Tuesday, November 15, 2005

Kosovo warned against declaration of independence

PRISTINA, Serbia-Montenegro, Nov 15 (AFP) -

International peace brokers Tuesday warned Kosovo deputies against a brazen declaration of independence following media reports that the parliament will debate a motion on breaking away from Serbia.

The four main parties representing Kosovo's ethnic Albanian majority had agreed to vote in favour of a measure spelling out their intention to declare the territory independent, local media said.

The resolution was put together before long-awaited talks on the future status of Kosovo, whose ethnic Albanians, comprising almost 90 percent of the province's two million population, are demanding independence from Serbia, which Belgrade strongly opposes.

But foreign powers in the United Nations-administered province said they were pressuring the party leaders to drop the motion.

"The Contact Group will not support any unilateral decision ahead of the talks," Philip Goldberg, the head of the United States mission in Kosovo, told reporters after meeting parliamentary speaker Nexhat Daci.

The so-called Contact Group of foreign powers has overseen peace efforts in the former Yugoslavia since the communist federation collapsed in the Balkan wars of the 1990s.

"I have been telling them clearly... that if they adopt a text as a guidance to the negotiating team, that's fine," said Soren Jessen-Petersen, the chief of the UN mission in Kosovo.

"If they adopt a text which is not in the form of a guidance, calling for let's say independence, that is a unilateral declaration that goes against the Security Council resolution 1244, and also goes against the principles adopted by the Contact Group," he told AFP.

Resolution 1244 refers to the Security Council decision defining Kosovo as a UN protectorate after a NATO bombing campaign ended a crackdown by Serbian forces against Albanian separatists in June 1999.

The parliamentary resolution was "not valid because the Security Council resolution is the one that right now provides the mandate here," Jessen-Petersen added.

But Daci told journalists the province's parliament was "obliged to respect the will of the Kosovo people."

The resolution was initiated by Kosovo's leading opposition Democratic Party of Kosovo (PDK) and was backed by the Democratic League of Kosovo, the Alliance for the Future of Kosovo and the Ora Party.

"The PDK insists that Kosovo's assembly institutionalises the will of Kosovo citizens for an independent and sovereign state as soon as possible," said PDK spokeswoman Vlora Citaku.

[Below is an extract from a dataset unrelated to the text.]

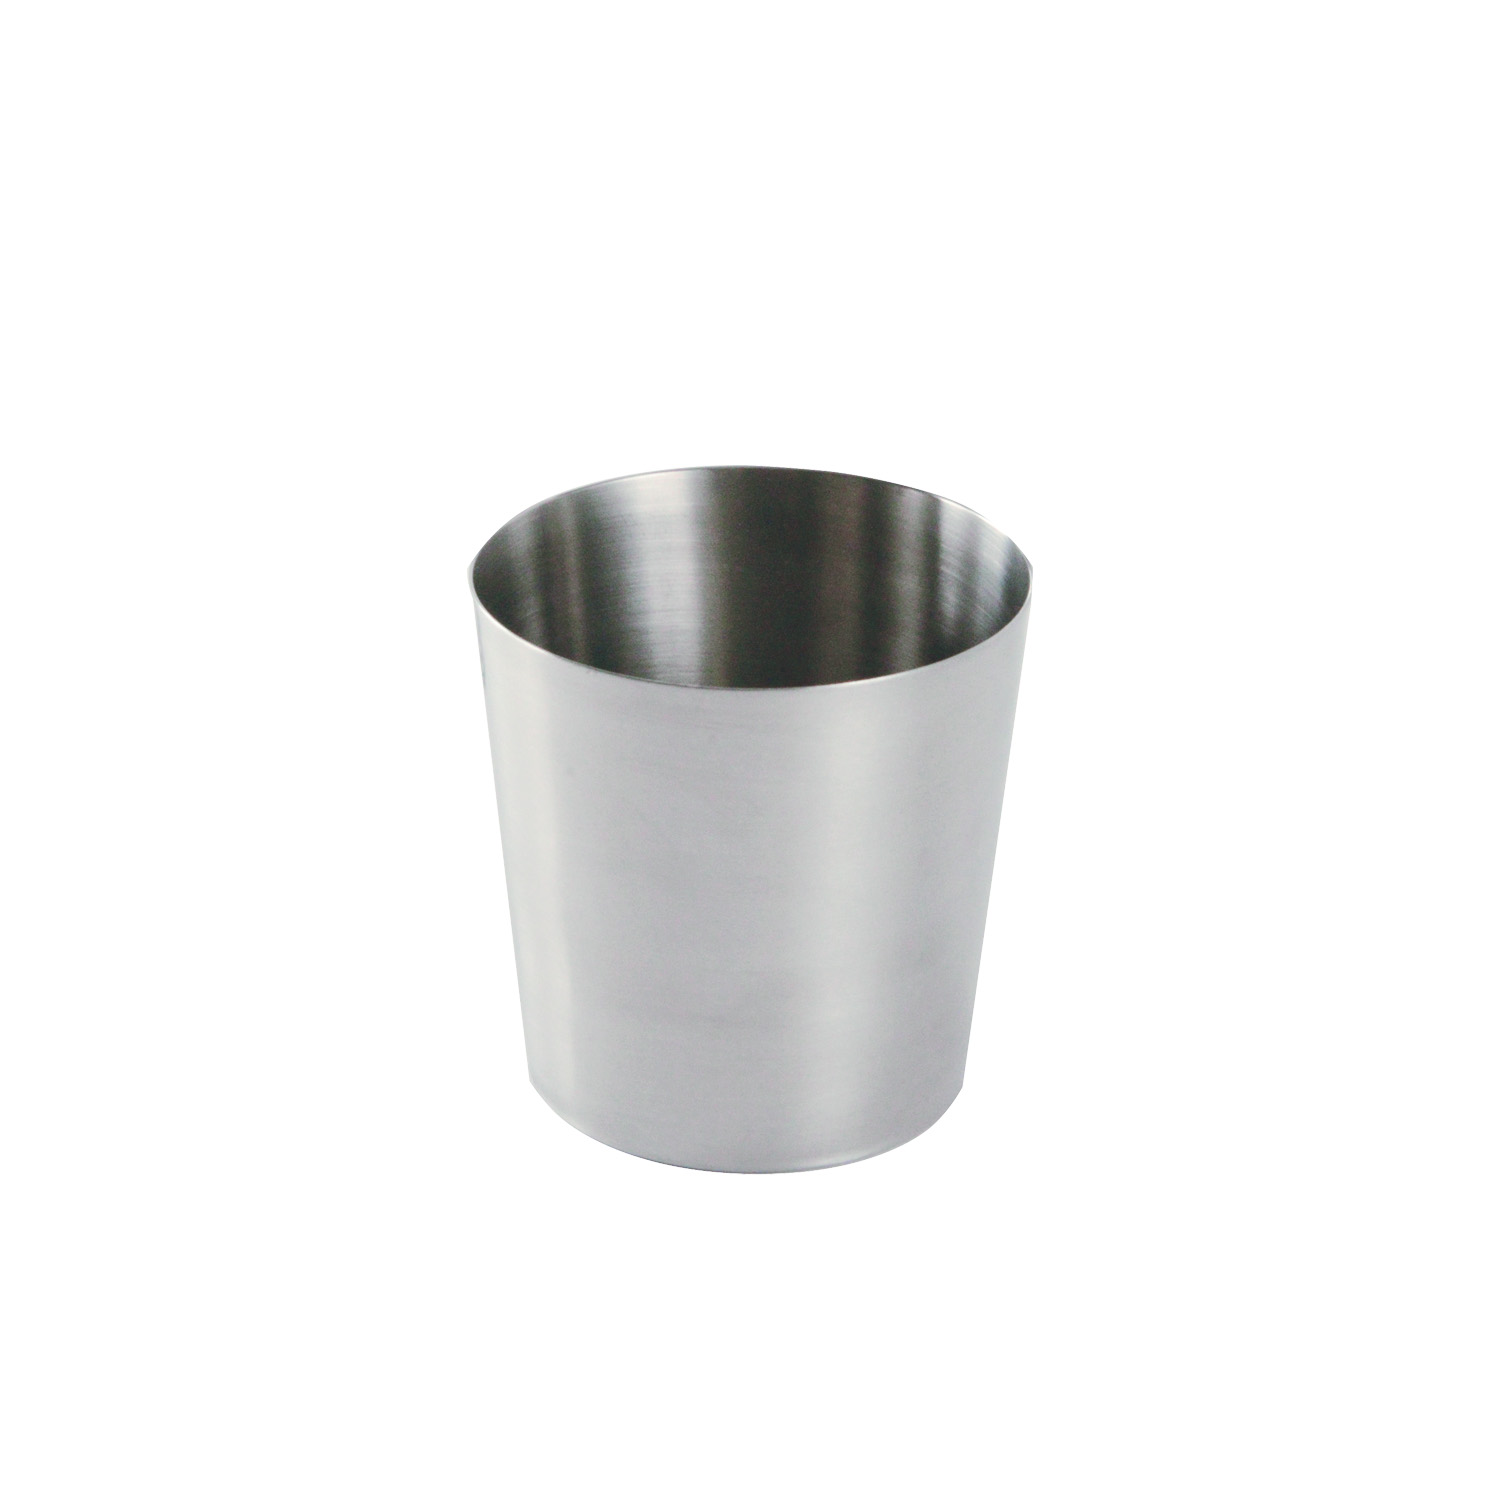 CAC China SMFC-3S Smooth Stainless Steel Mini Fry Cup 3 1/2" Dia x 3-1/2" H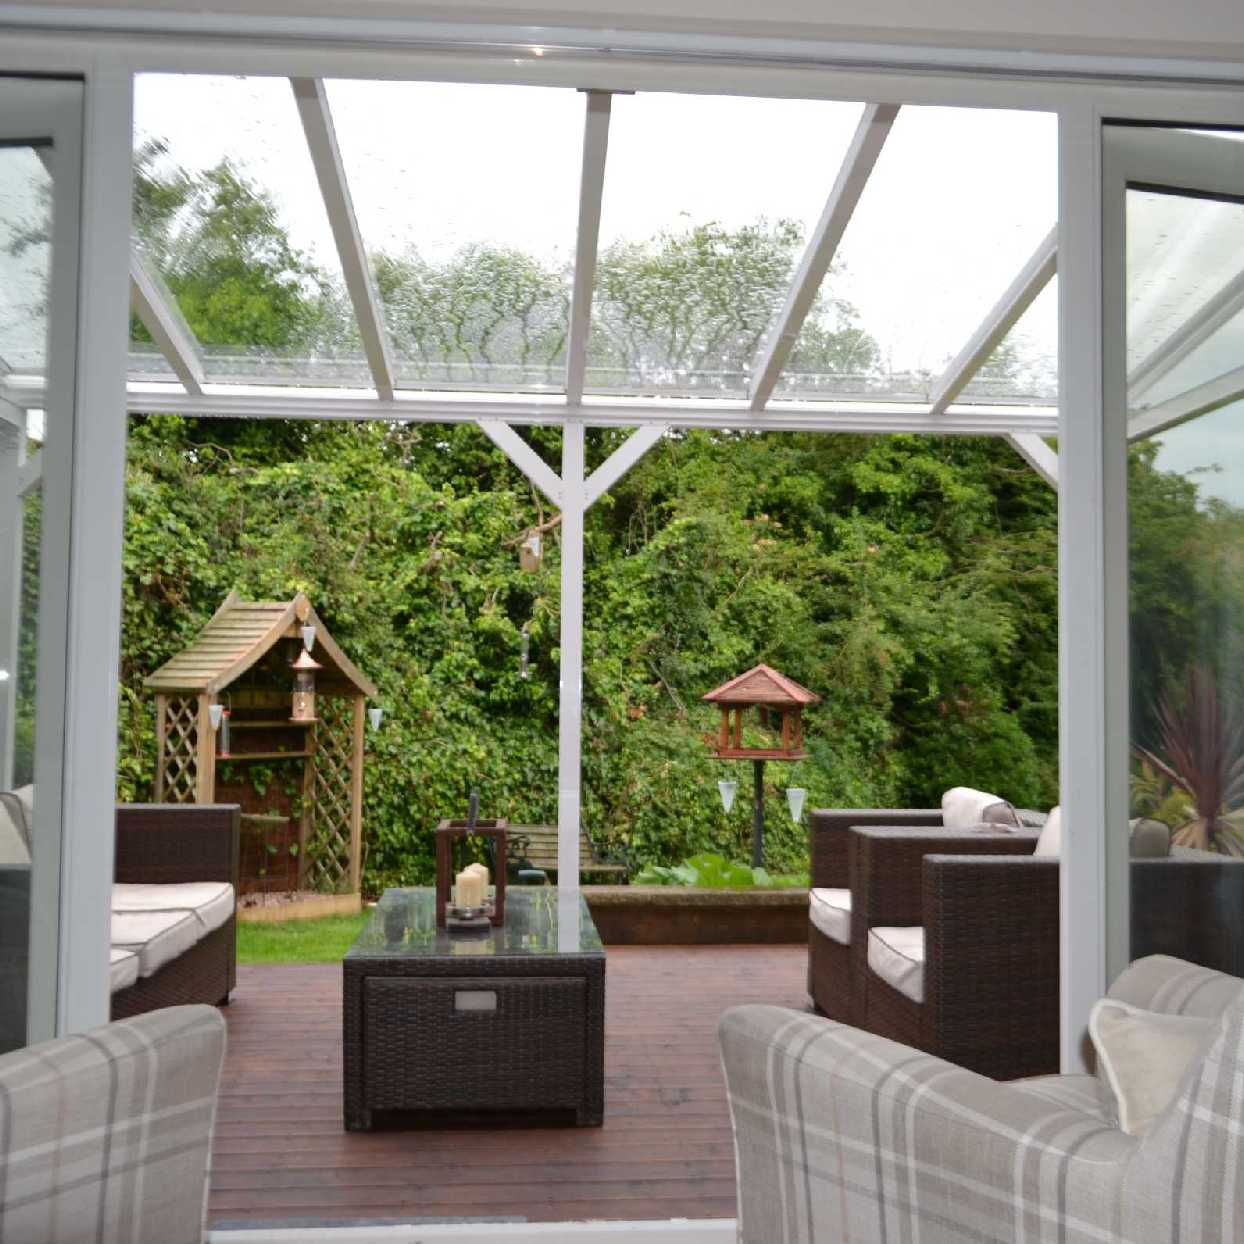 Buy Omega Smart Free-Standing, White MonoPitch Roof Canopy with 6mm Glass Clear Plate Polycarbonate Glazing - 4.2m (W) x 4.0m (P), (6) Supporting Posts online today

"For the PDK, the approval of this resolution is very important because it serves as a guidance to the Kosovo negotiating team in the status talks," she said.

2 comments:

Kosovar2006 said...

It's ok we are calm and collected at the moment.

The more of this bullshit we take in (and god forbid the end results being negative) The bigger the explosion will be.

oskar said...

Artan,
Don't know where you live but I can tell you Europe is pretty tired of the Kosovo albanians. In six years since de-facto independece they haven't gotten their act together or been able to stop ethnic progroms on Serbs and Roma. Instead, Kosovar albanian politicians make vague and not so vague threats about violence if they don't get all of their demands fulfilled while at the same time asking for more money.

Kosovo has become Europe's no. 1 organized crime centre with everything from narcotics, arms and women to couterfeit goods.

Sure, Kosovo will probably get some kind of de-jure independence as well, but as long as it doesn't shape up when it comes to minority rights, organized crime and political maturity, it will remain completely sealed off from Europe.

It's the hard and sad truth that Kosovo is on its way to becoming an independent but failed state, a kind of Europe's Colombia or Afhganistan.

So, please, grow and start taking responsibility for yourselves instead of focusing on the faults of your 'enemies'.